▶ [Problem statement]:
Write back every line of the listing exactly, excluding images.

▶ [Data provided]:

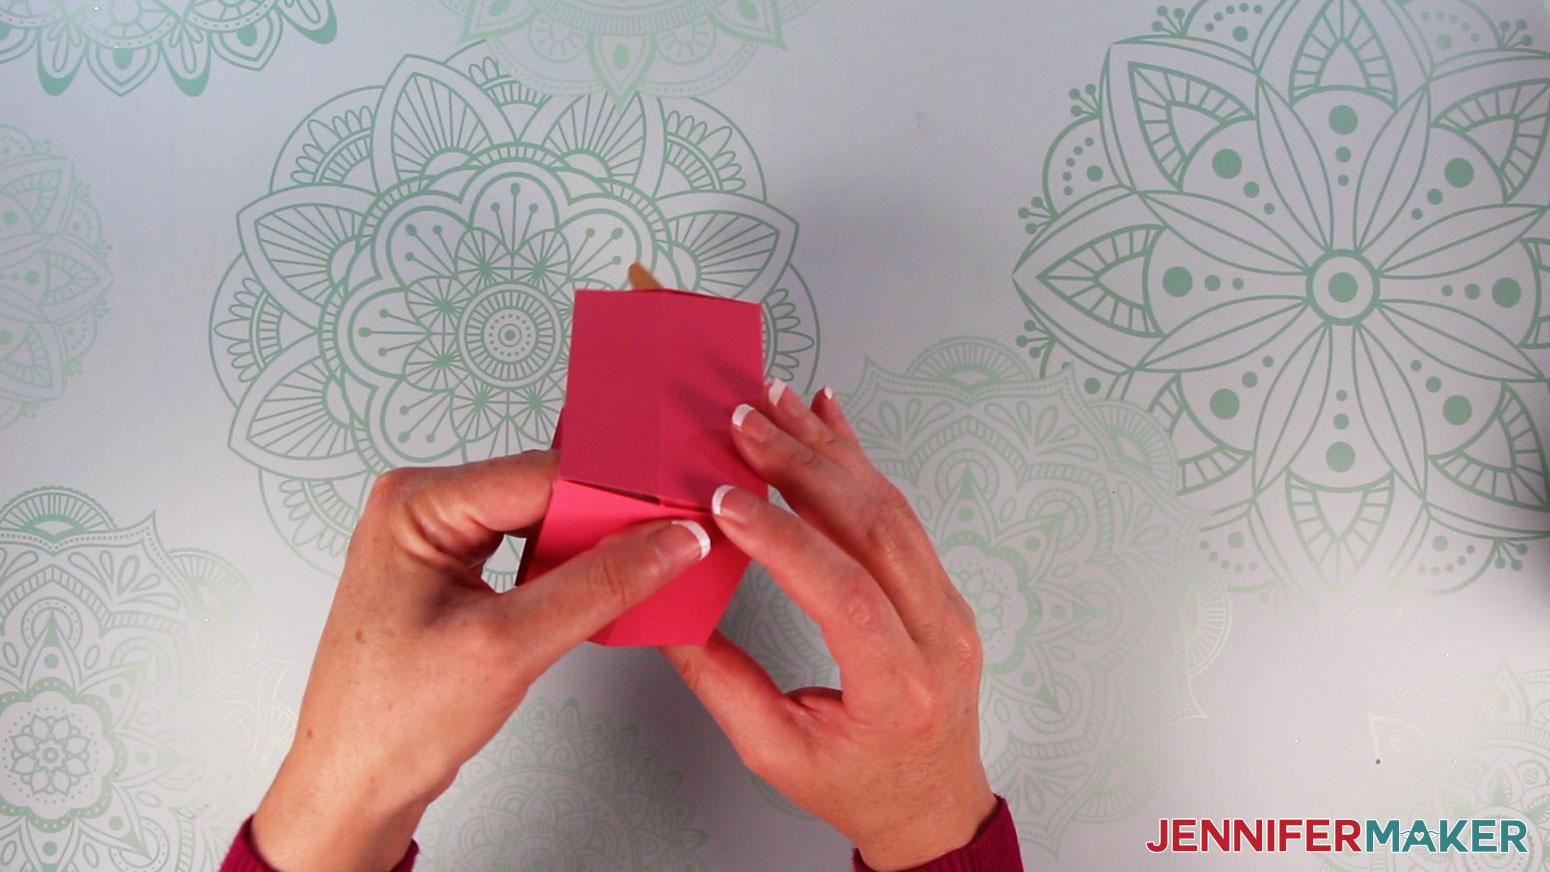 Apply pressure to popsicle box until glue adheres
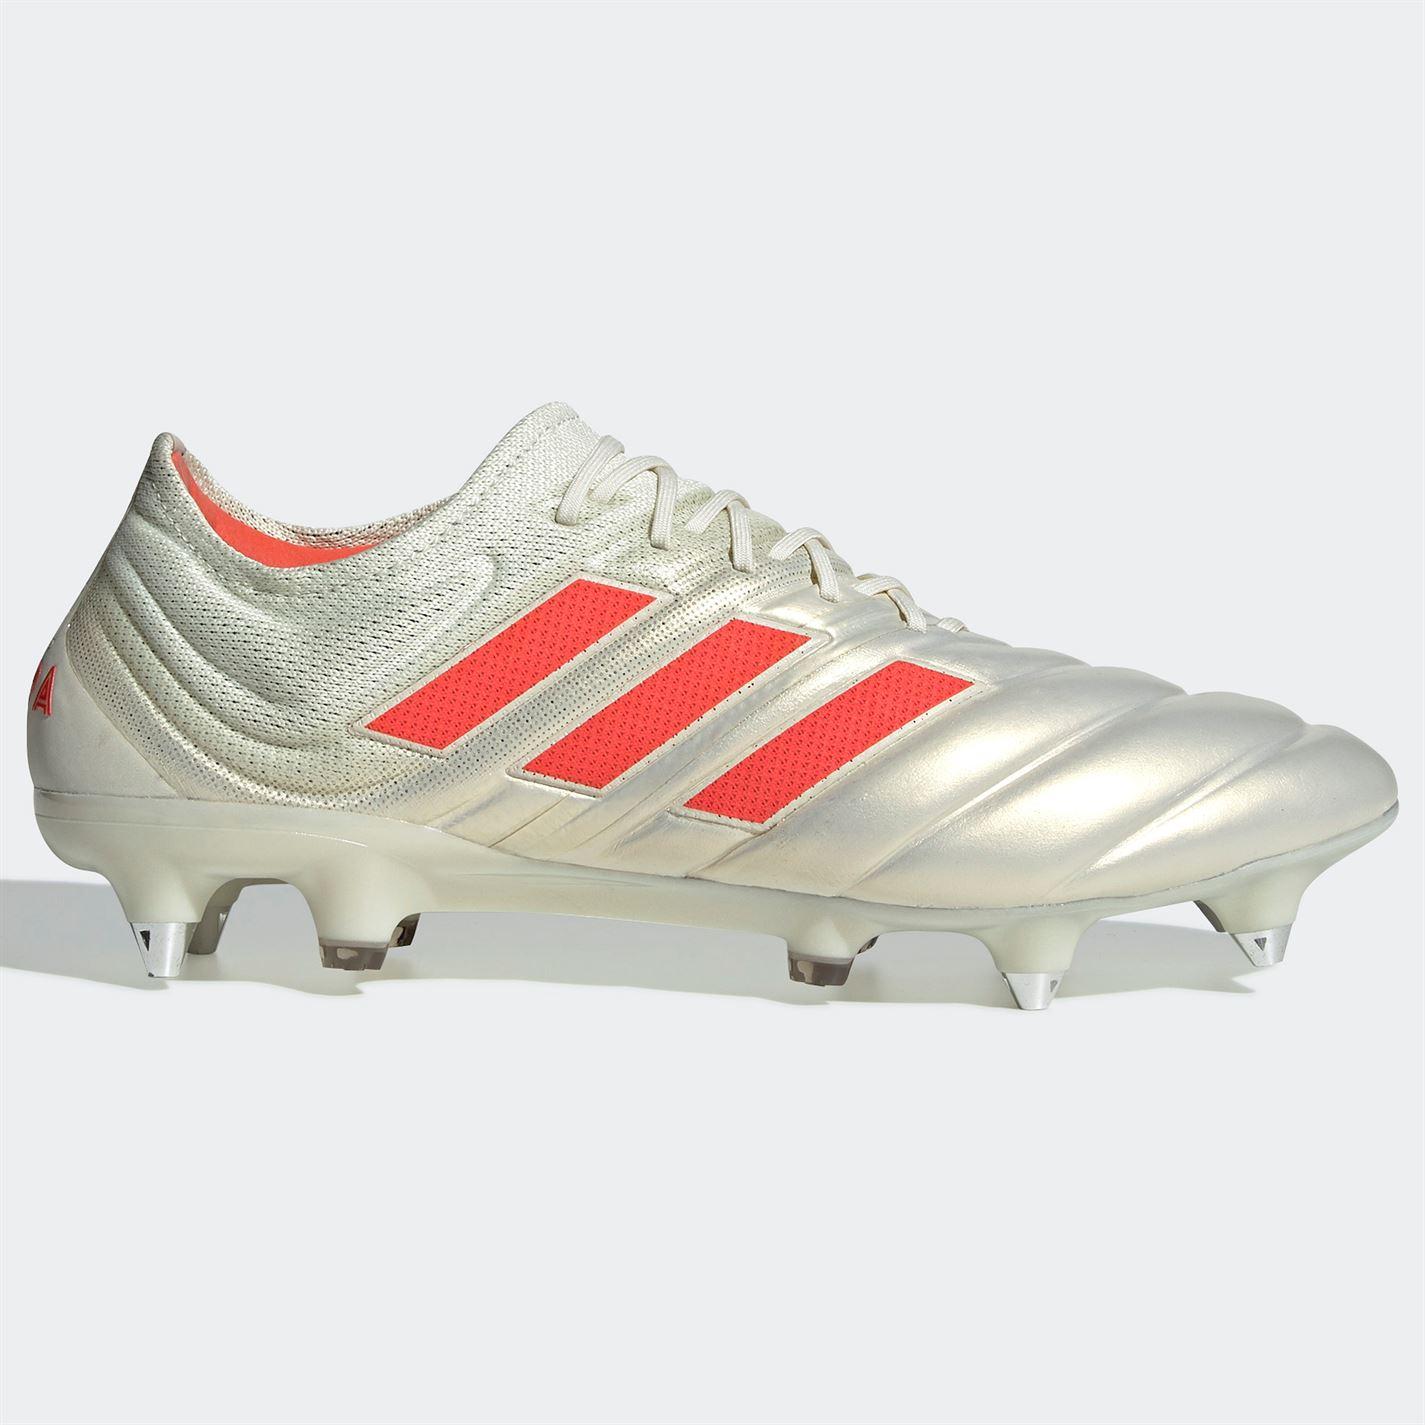 kopačky adidas Copa 19.1 pánské SG
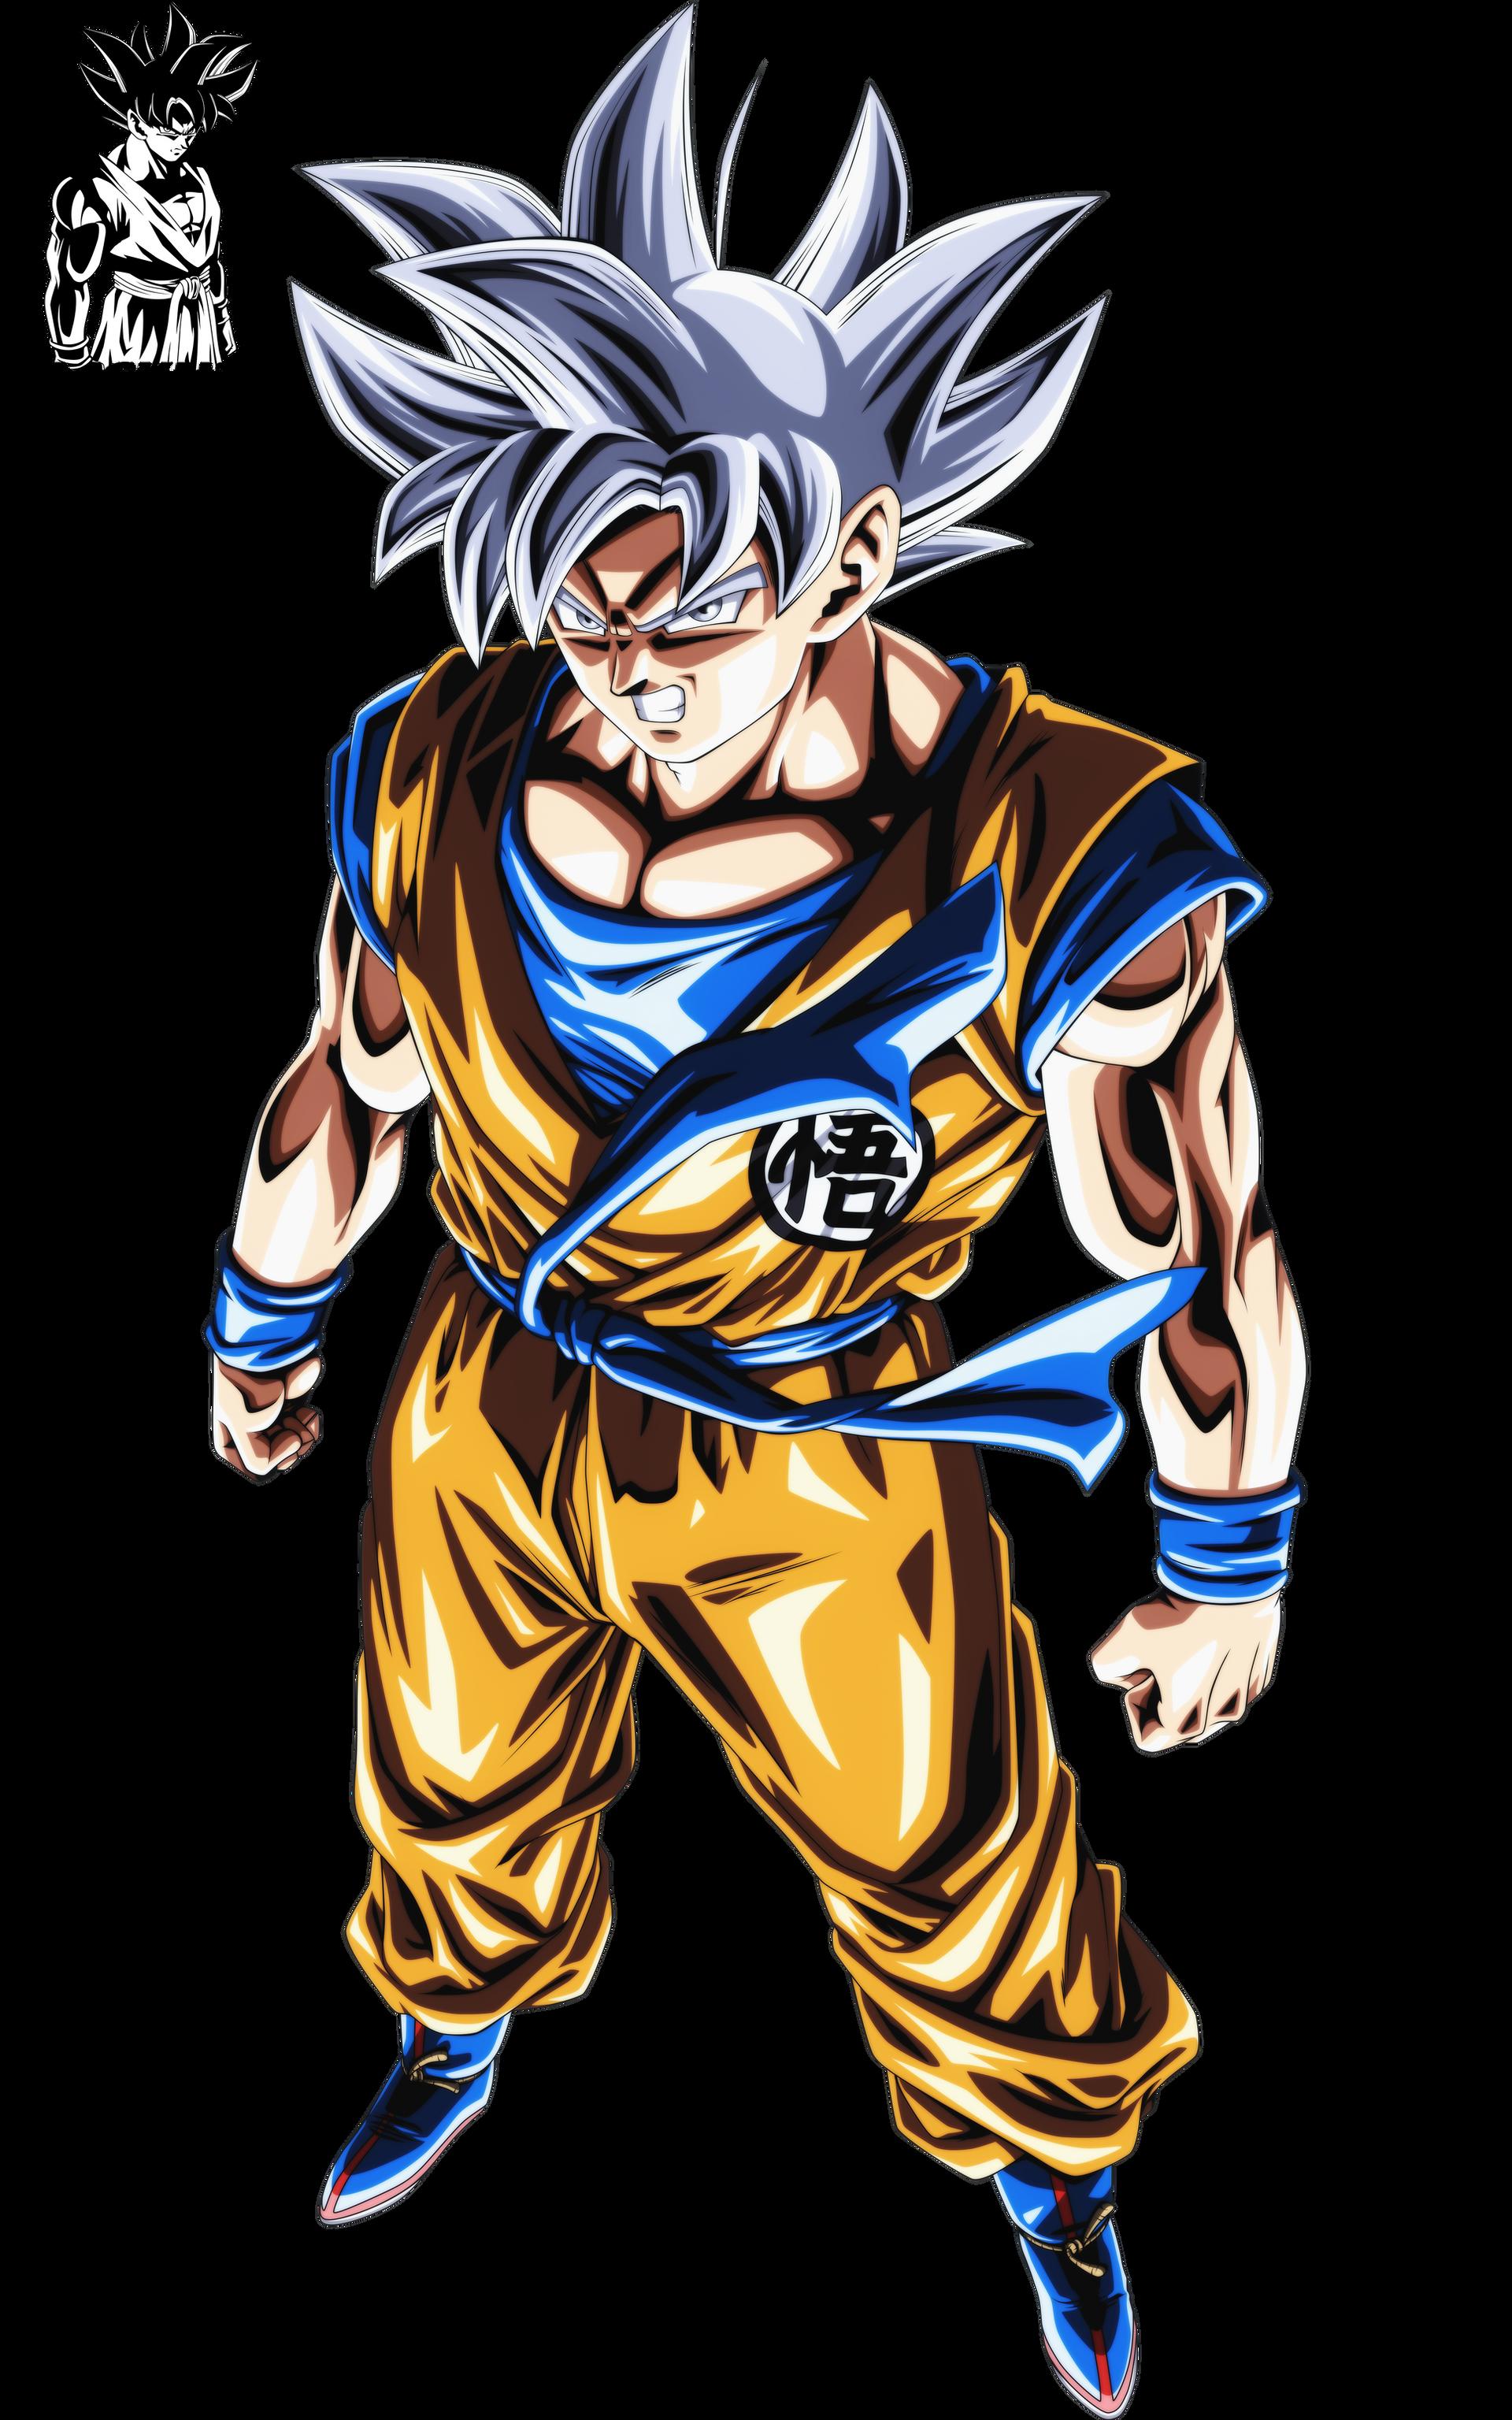 Dragon Ball Render by ajckh2 on DeviantArt
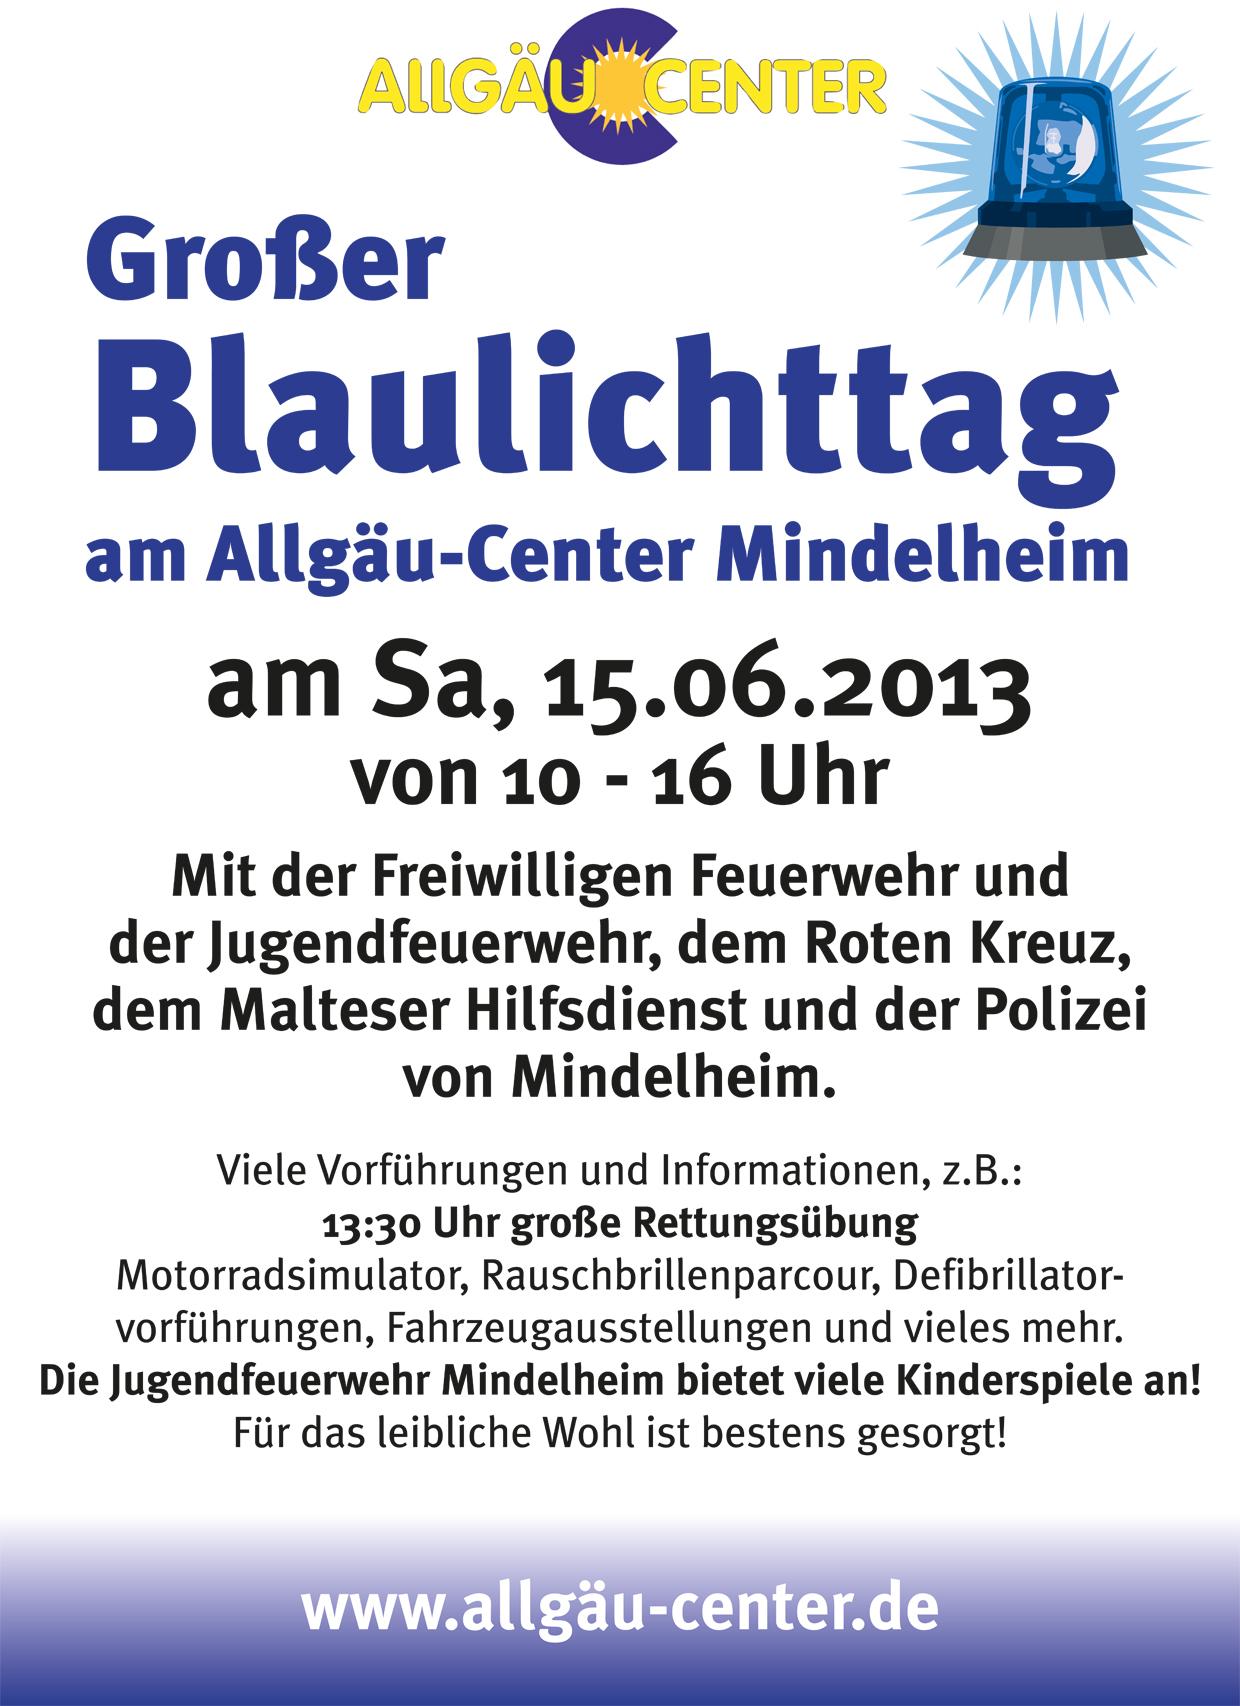 15-06-2013 blaulichttag mindelheim new-facts-eu

▶ [Exercise solution]:
 Apply pressure to popsicle box until glue adheres
 kopačky adidas Copa 19.1 pánské SG
 Dragon Ball Render by ajckh2 on DeviantArt
 15-06-2013 blaulichttag mindelheim new-facts-eu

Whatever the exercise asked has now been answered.